Roger Ebert Home

Manic

Ebert Thumbs Up

I haven't seen "Manic" before, but it feels like I have. The opening scenes place us in a familiar setting and more or less reveal what we can expect. In an institution for troubled teenagers, an encounter group is overseen by a therapist who tries his best to steer his clients toward healing. But the unruly young egos have wills of their own, and there will be crisis and tragedy before the eventual closure.

The plot is a serviceable device to introduce characters who need have no relationship to one another, and to guarantee conflict and drama. We are all indoctrinated in the wisdom of psychobabble, and know that by the end of the film some of the characters will have learned to deal with the anger, others will have stopped playing old tapes, and with any luck at all there will even be a romance.

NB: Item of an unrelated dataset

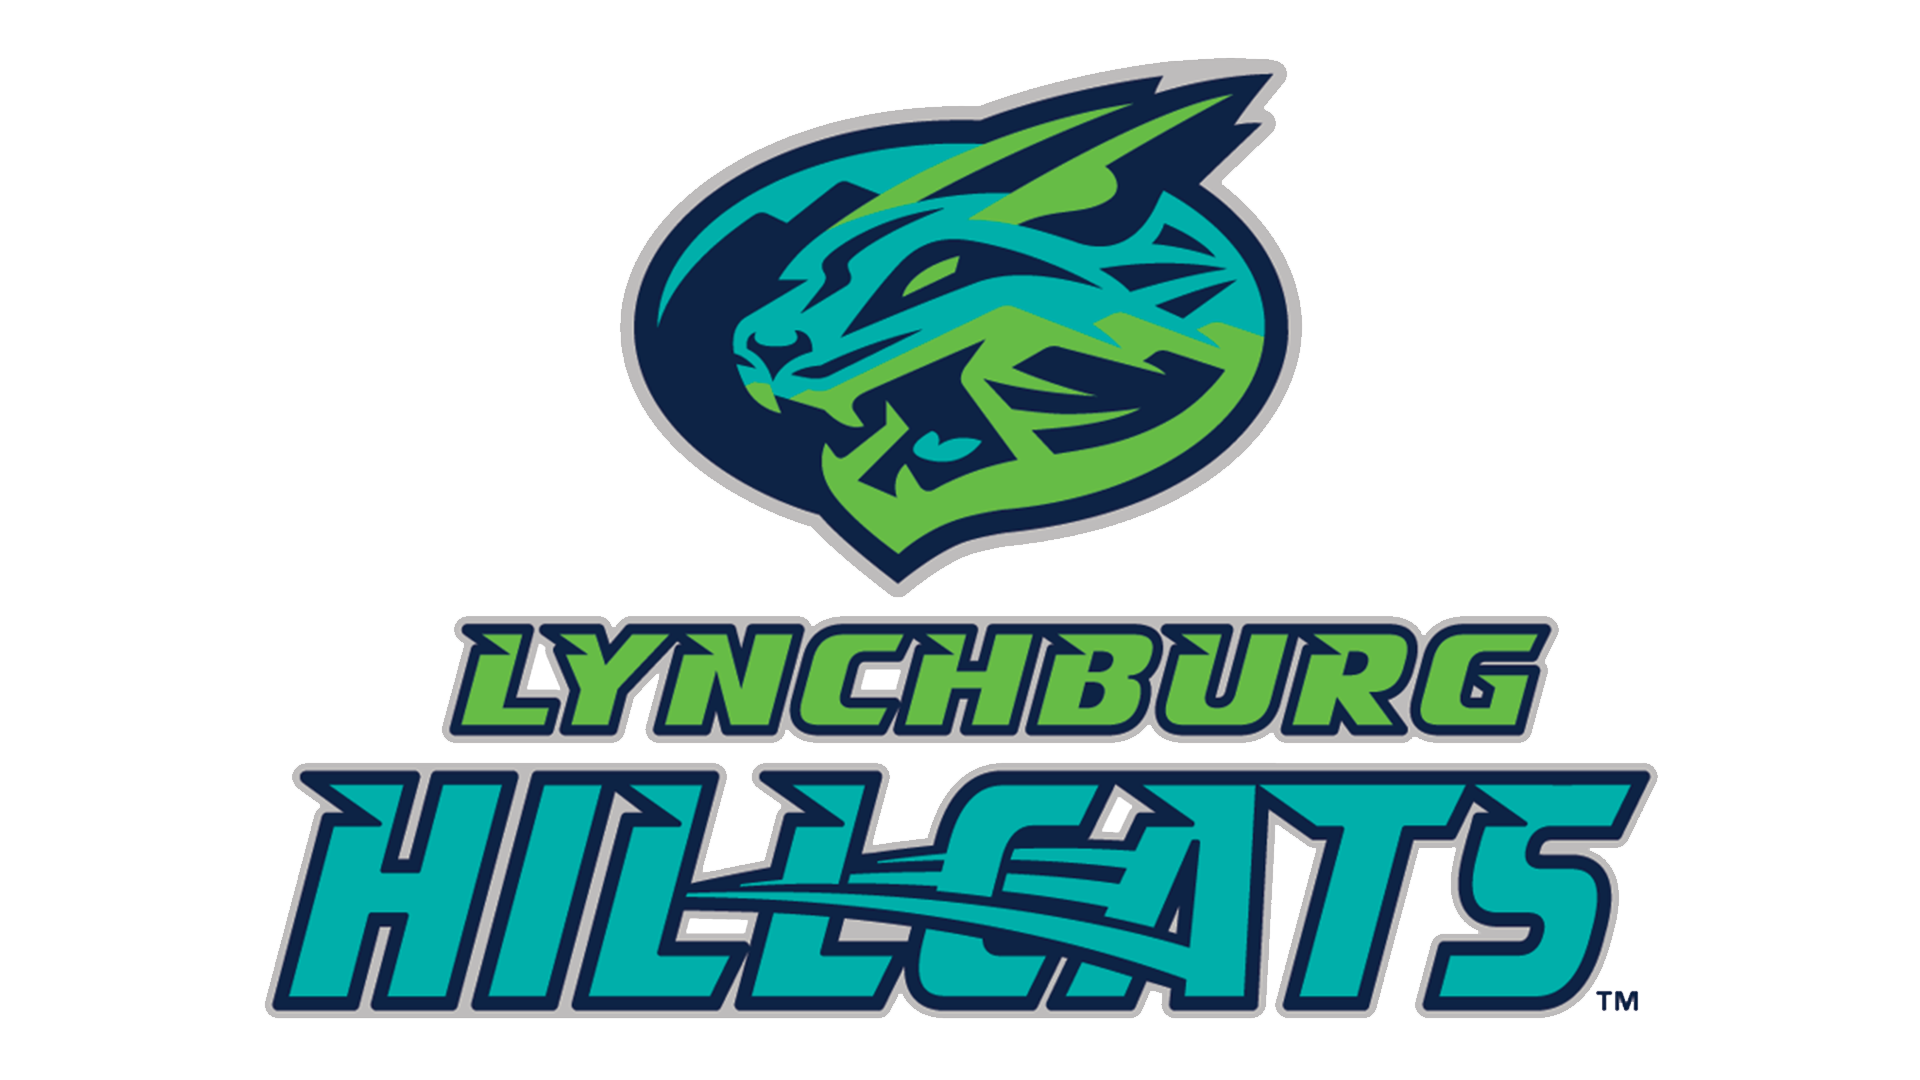 Lynchburg Hillcats | Organizational Profile, Work & Jobs

The screenplay by Michael Bacall and Blayne Weaver finds no new approaches to the material, but it does a skillful job of assembling the characters and watching them struggle for position within the group dynamic. Don Cheadle, who plays the counselor, has a thankless task, since the heroes and heroines will all eventually heal themselves, but Cheadle is a fine actor and finds calm and power in the way he tries to reason with them: "You don't think you chose the actions that caused you to be in this room with me?" Joseph Gordon-Levitt, from "Third Rock from the Sun," shows the dark side of his funny TV personality, as Lyle, a newcomer to the group, who was institutionalized for outbursts of angry violence in school, one leading to the serious injury of a classmate. His challenge now is to some learn to control his rage despite the provocations of the aggressive fellow inmate Mike (Elden Henson), who learns how to push his buttons. He shows promise as a serious actor.

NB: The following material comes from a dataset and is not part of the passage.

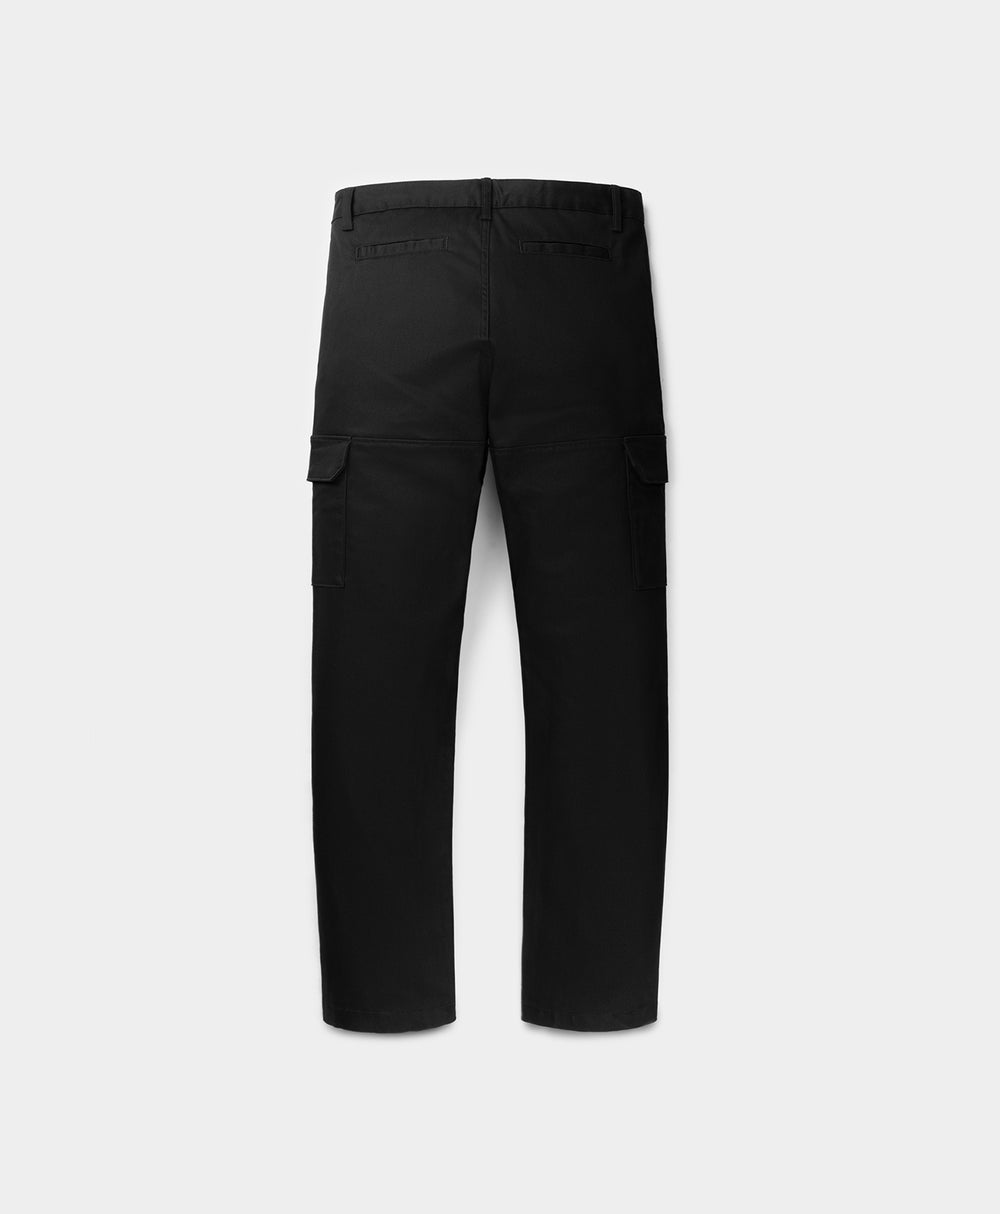 DP - Black Ecargo Pants - Packshot - Rear

With admirable economy, the screenplay provides him not only with an antagonist, but also with a close friend (his Native American roommate Kenny (Cody Lightning), and a romance (with Tracey, played by Zooey Deschanel). In stories of this sort, a minority group member who is the best friend of the hero has a disquieting way of dying when the movie requires a setback, just as the romance must seem to have ended, just before it finds a new beginning.

If the movie is not original, at least it's a showcase for the actors and writers. It does not speak as well, alas, for director Jordan Melamed and his cinematographer, Nick Hay. The movie was shot on video, which is an appropriate choice, giving the story an immediate, pseudo-documentary quality, but Melamed and Hay made an unfortunate decision to use the hand-held style that specializes in gratuitous camera movement, just to remind us it's all happening right now. There are swish-pans from one character to another, an aggressive POV style, and so much camera movement that we're forced to the conclusion that it's a deliberate choice. A little subtle hand-held movement creates a feeling of actuality; too much is an affectation.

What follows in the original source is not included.